June 24, 2010
bryankearney
candlepin, geek stuff, work
If you write a framework, please do not use private. You may think that you know how I am going to use it. I promise, if it works as it should I will not try and override the basic functionality. However, if I am looking at the code to know it is private then I have a use case you did not expect.
My current example is rails active resource. This is a great framework if you are planning to use it to talk to another rails app. If your url does not end in .json then you have to override / reimplement many high level methods because of one or two private methods.
I know they teach you this in school. I know it makes you feel smart. Stop it. Private methods makes your frameworks less usable and less extensible.
May 19, 2010
bryankearney
geek stuff, work
I have moved the java bindings for libvirt up to 0.8.1. It is mostly cut and paste code, but the test driver does not support some of the new features so I would appreciate if someone could bang on them a bit. Specifically, I would like to see someone try out:
Snapshots
Streams (Callbacks in particular)
Secrets
I have put an SRPM out at [1] and a compiled jar at [2]. You can always clone the repo at [3] and build it from there.
Thanks!
[1] http://bkearney.fedorapeople.org/libvirt-java-0.4.5-ALPHA.fc12.src.rpm
[2] http://bkearney.fedorapeople.org/libvirt-0.4.5.ALPHA.jar
[3] http://www.libvirt.org/git/?p=libvirt-java.git;a=summary
March 25, 2010
bryankearney
candlepin, geek stuff, work
candlepin, FOSS, Programming, REST, State Transition
We have been playing alot more with Rest at work, and we are seeing that there is alot of docs on how easy it is to spin up a REST interface. However, there is not much on how to make them good. Fortunately, I work with alot of smart people we can have good discussions with. Bill Burke has put up the results of one of the discussions on a good way of modeling state transitions on rest. Check out his post
March 1, 2010
bryankearney
geek stuff, work
I sent this as an internal email.. but figured I would post the question as well. File this into the “I dont get it” category. Not as bad as Google Wave, but close.

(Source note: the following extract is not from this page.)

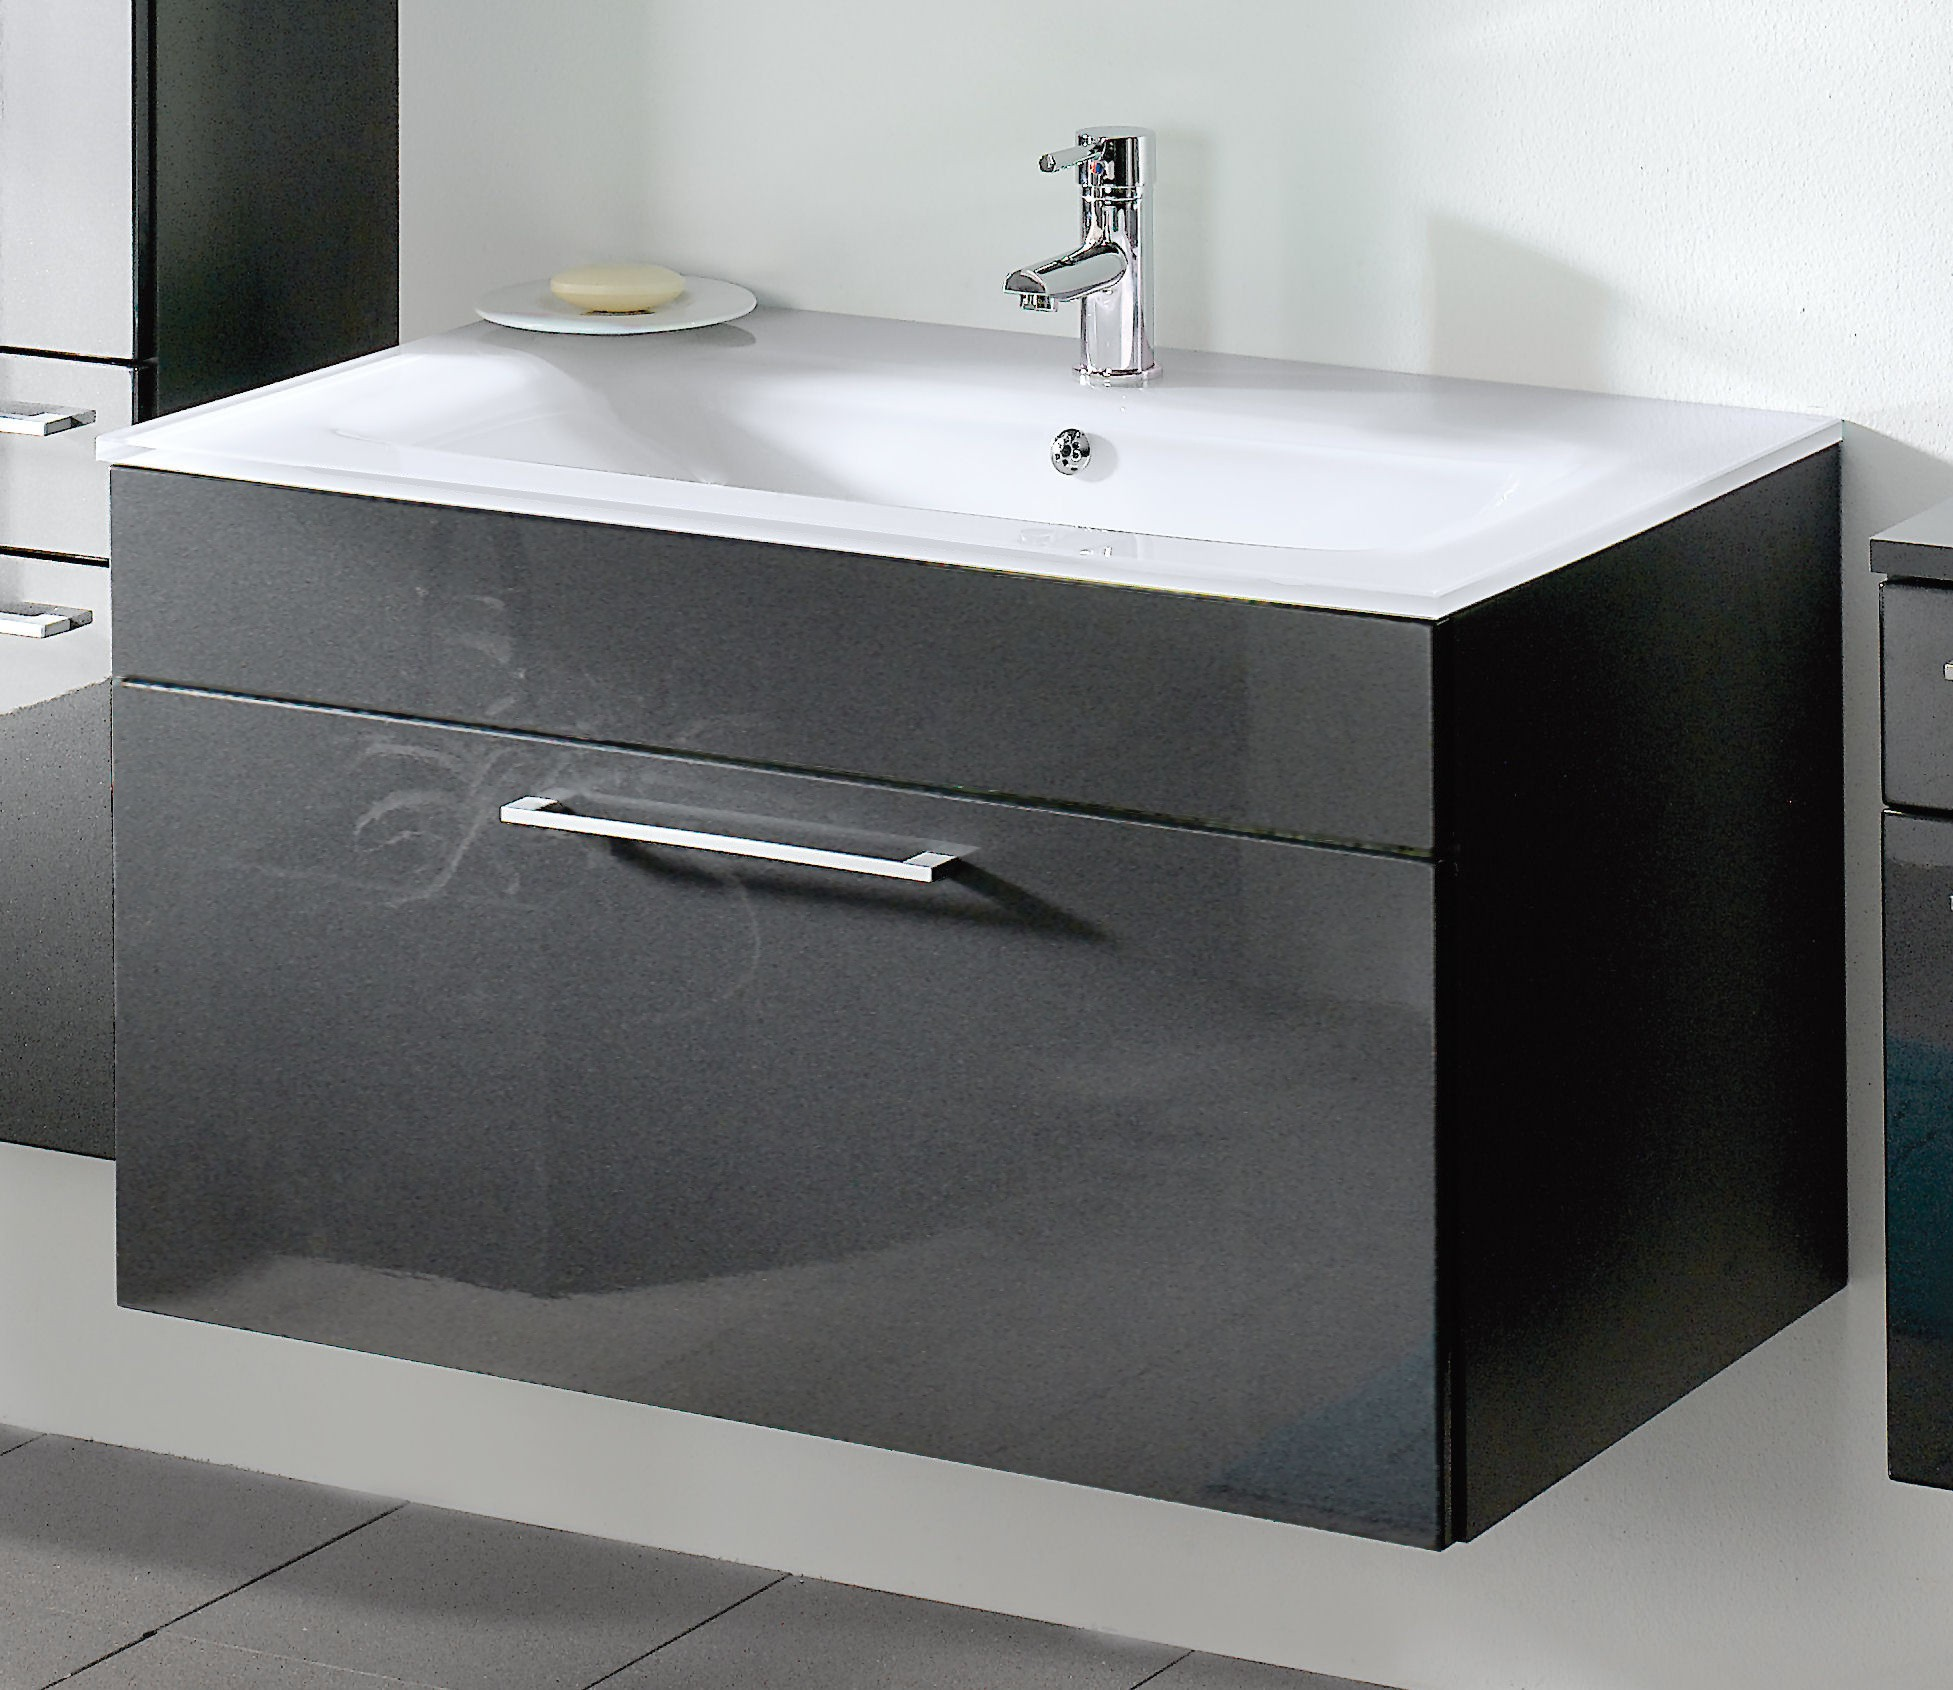 bad waschtisch hera mit glaswaschbecken wei 90 cm breit anthrazit bad hera. Black Bedroom Furniture Sets. Home Design Ideas

So.. I hear that Rest is a panacea, but mostly because it is “Rest not SOAP”. I actually understand many of the benefits that REST is gives you:
1) I can use a simple http client to access resources, therefore it is easier to adopt.
2) I inherit alot of the WS-* enhancements from the underlieing http transport, so the frameworks are lighter weight.
3) The ability to use the service both by a client and a browser.. mashups become easy.
What I keep getting hung up on is the absence of a formal description of the interface. I see WADL, but whenever I dig into this it seems to get brushed aside as a nuisance. If i want to write typed clients, then I need to have some formal contract of what can be passed in and what is returned. This contract seems to be what alot of the cruft around SOAP is for. Is there something I am missing with this? The answer the books/articles seem to give is “who needs a formal spec, it is all URI’s”. This tends to be a load of hooey, since some clients (rails in particular) do not handle nicely objects of the same type with heterogeneous data sets.
So.. it seems like Rest (which is not SOAP) makes it easy for the easy clients by skimping on the tools for the more complex clients. I can easily do jersey -> jersey, and I presume Resteasy -> Resteasy. But w/o that neutral definition.. cross implementation clients (robust ones) are actually harder.
Am I missing something?
February 2, 2010
bryankearney
geek stuff, rhq, work
The second community build for RHQ has landed. You can download it from http://rhq-project.org/display/RHQ/Download and check out the release notes at http://rhq-project.org/display/RHQ/Release+Notes+3.0.0.B02. There is lots of goodness here including better content management, better alerting, and other stuff you will have to play with to see. Come on bye, and check it out. Better yet… contributions are welcome.
December 22, 2009
bryankearney
geek stuff, work
augeas, cobbler, fedora, regex
After much help from David Lutterkort, I have a first cut of an Augeas lens for Cobbler . The settings file is basically a single YAML document, so this lens could be used to do generic yaml processing, but I would assume it would need some tweaks before then.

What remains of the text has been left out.